_Requirement:_
Print, word for word, only the lines from the one with "Black Louis Vuitton" down to the last line of the listing below; no pictures.

_Information shown:_
▬▬▬▬▬▬▬▬▬▬
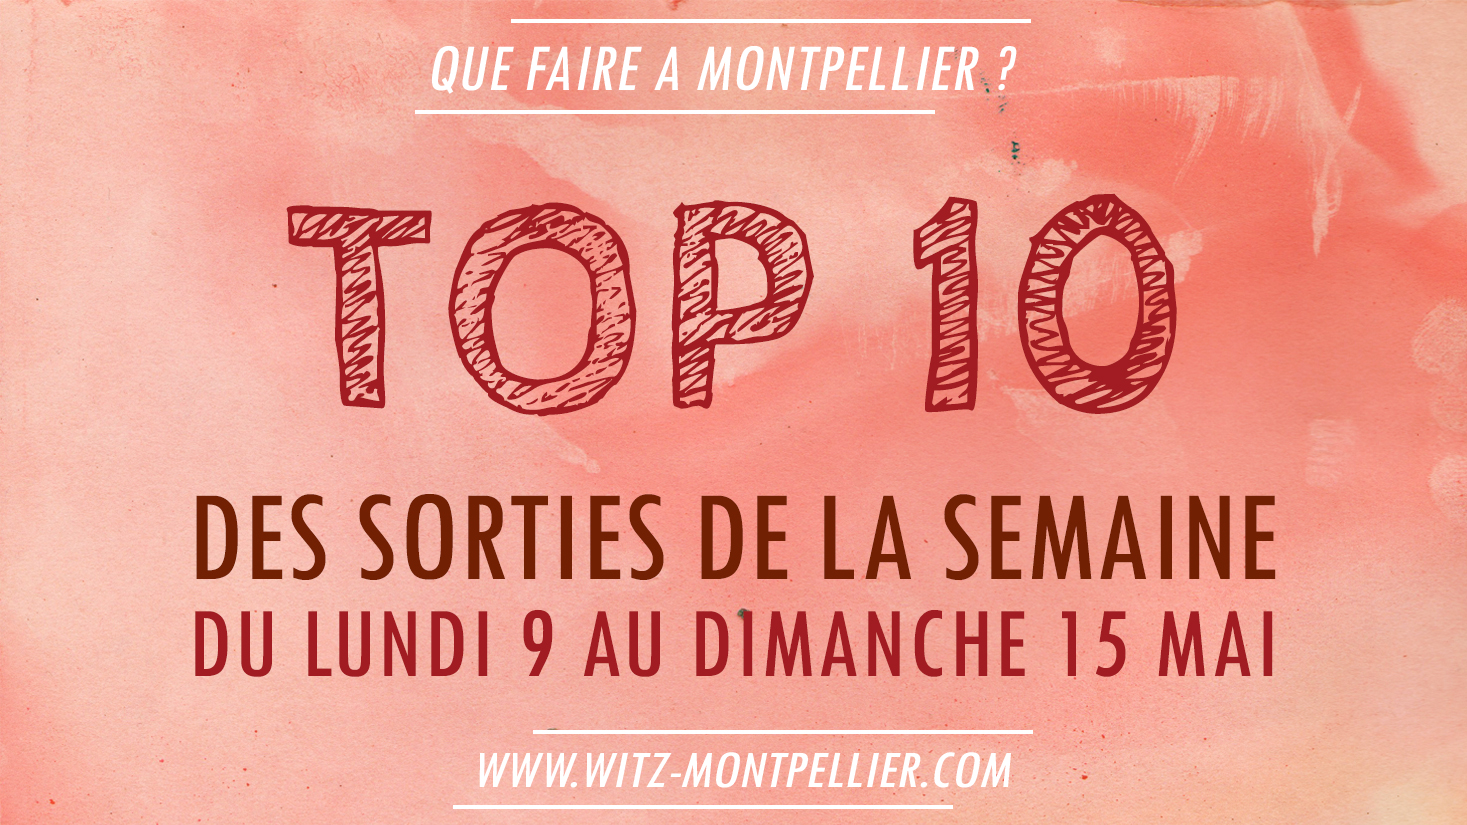 Top 10 des Sorties de la Semaine à Montpellier
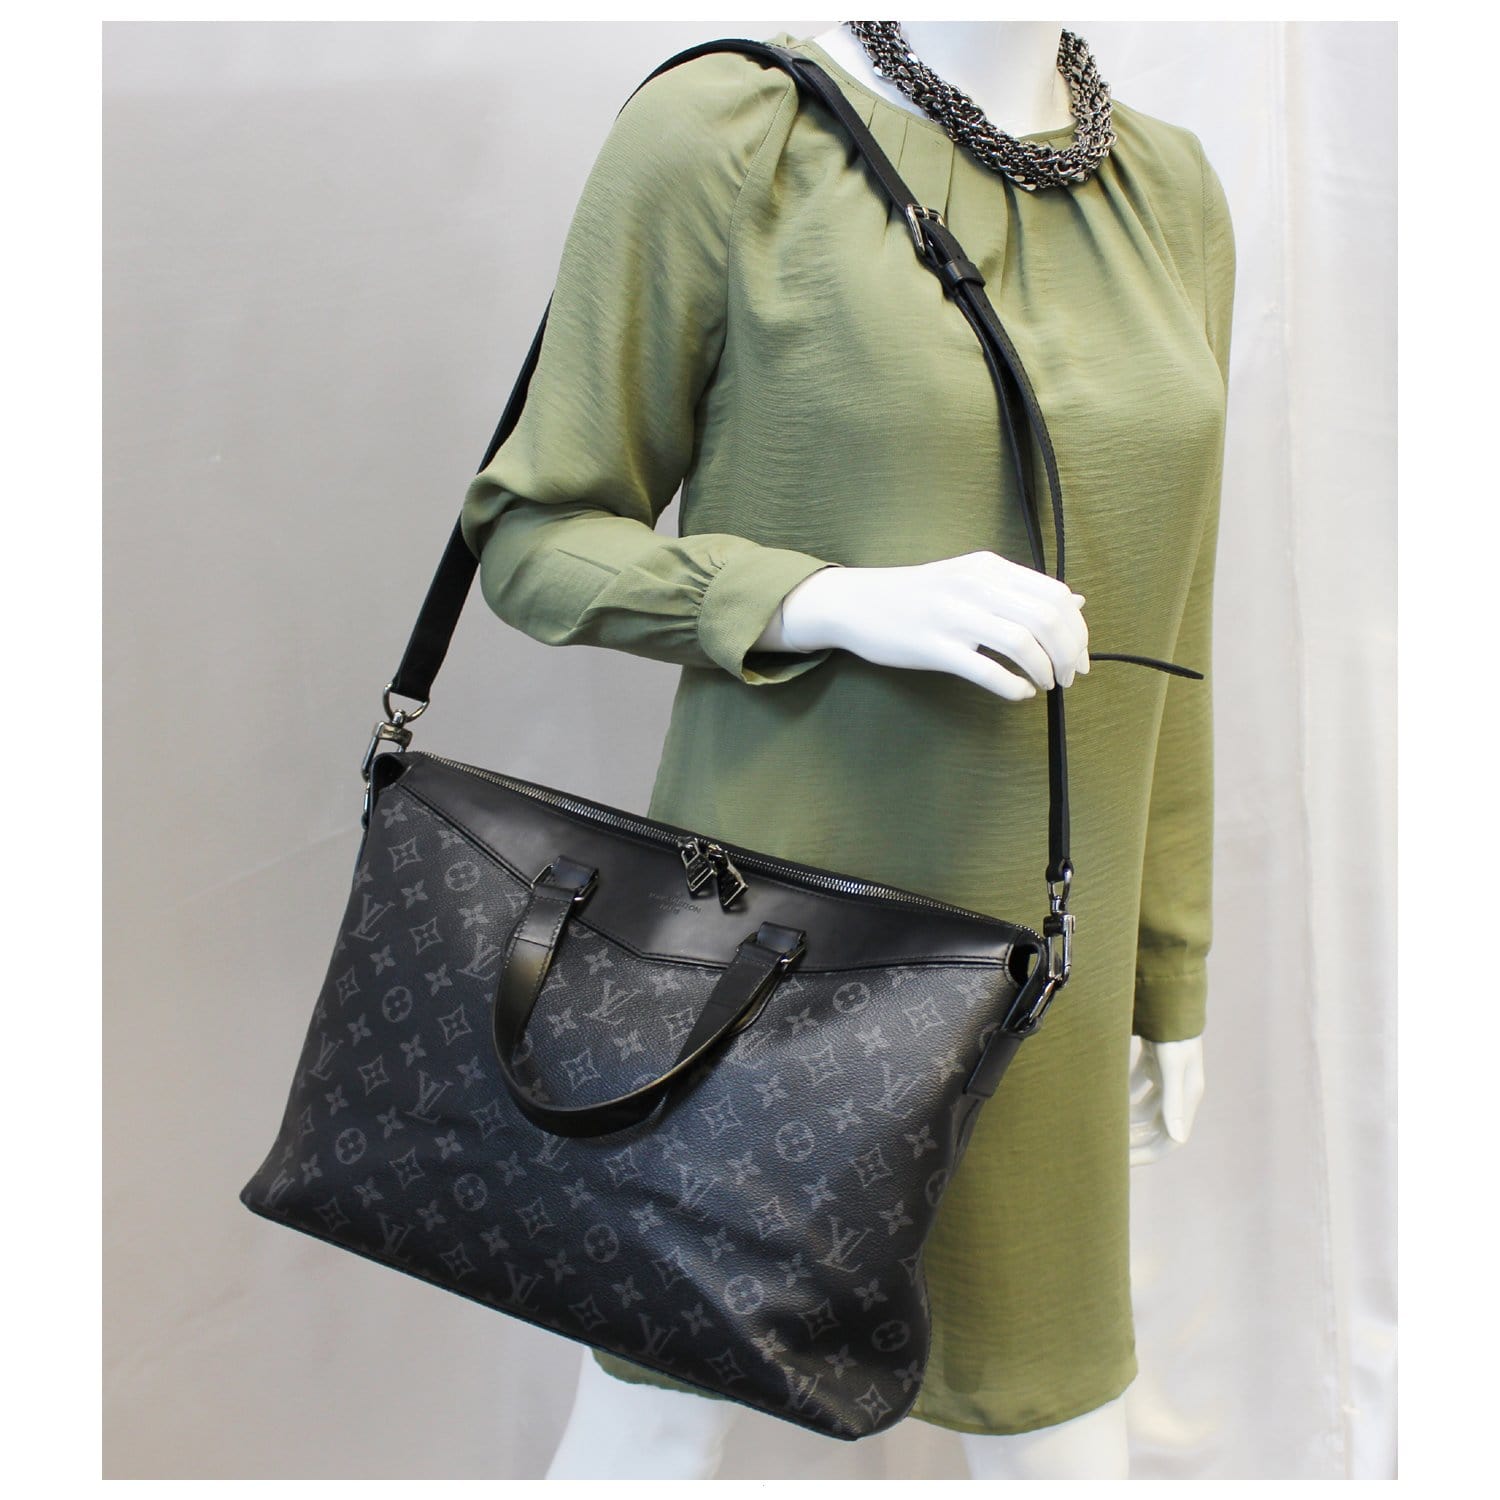 Black Louis Vuitton Monogram Eclipse Explorer Business Bag, AmaflightschoolShops Revival
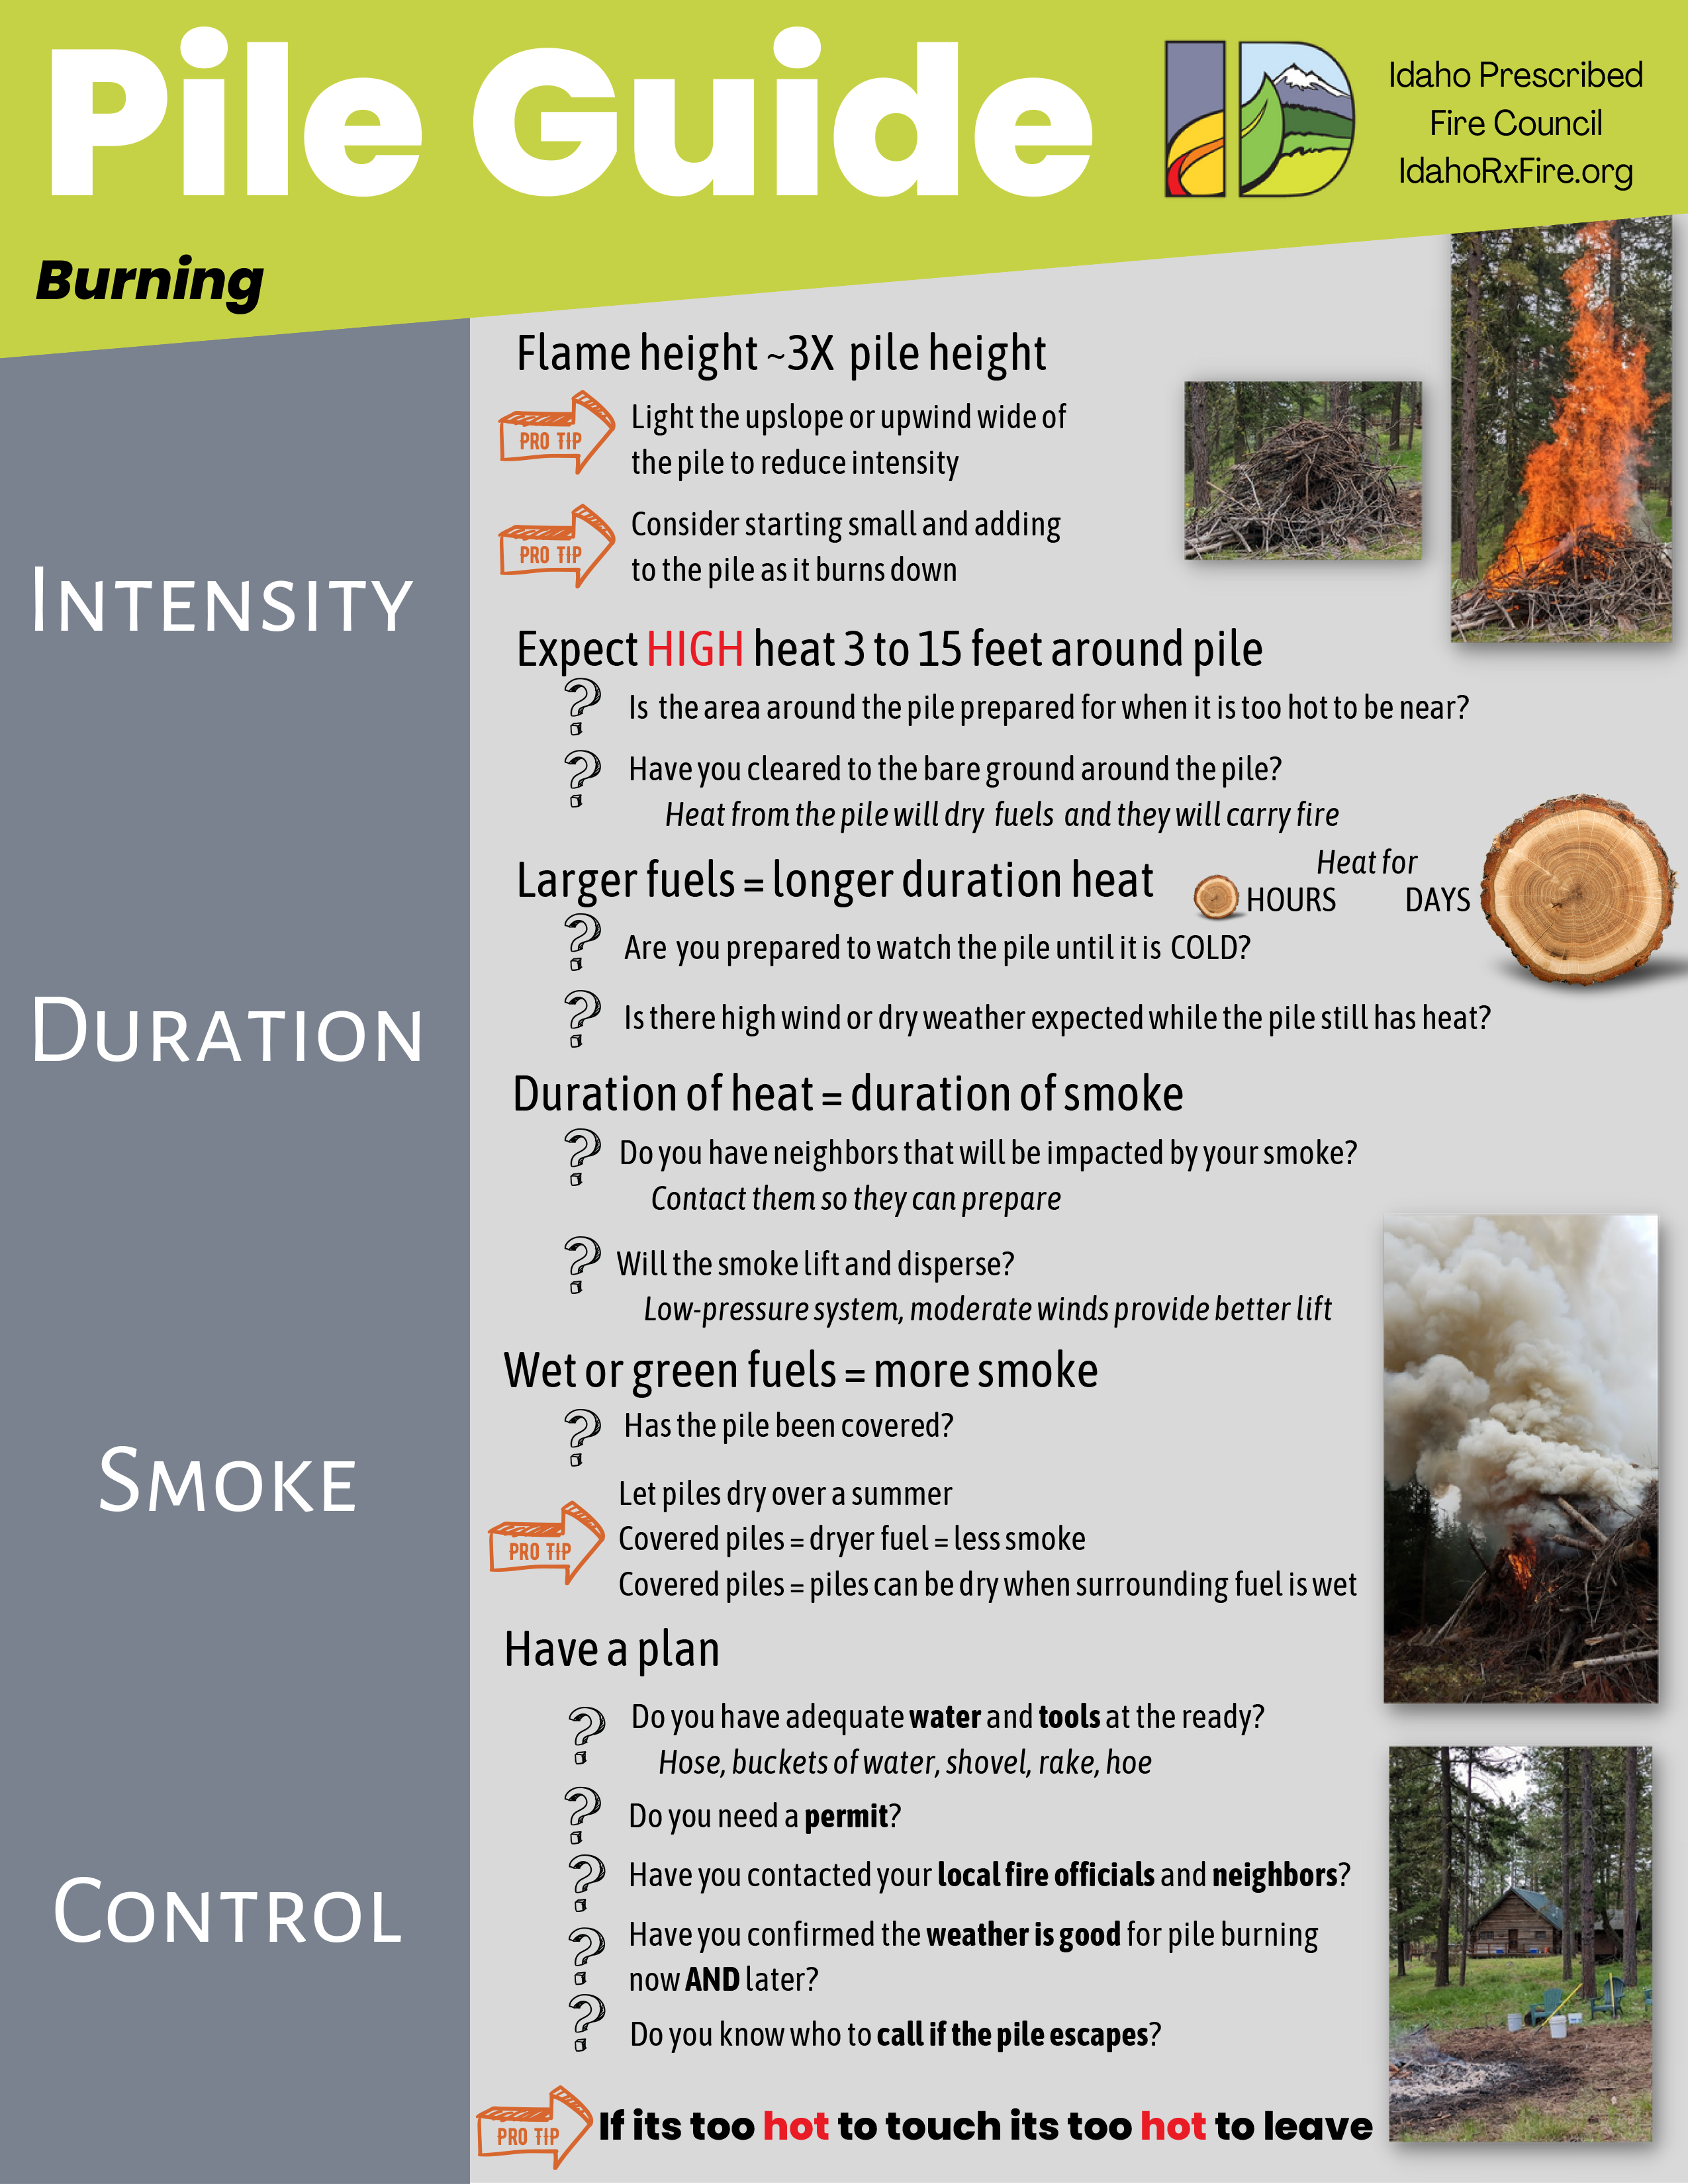 Idaho PFC Pile Guide Burning graphic
▬▬▬▬▬▬▬▬▬▬
_Solution to the exercise:_
 Black Louis Vuitton Monogram Eclipse Explorer Business Bag, AmaflightschoolShops Revival
 Idaho PFC Pile Guide Burning graphic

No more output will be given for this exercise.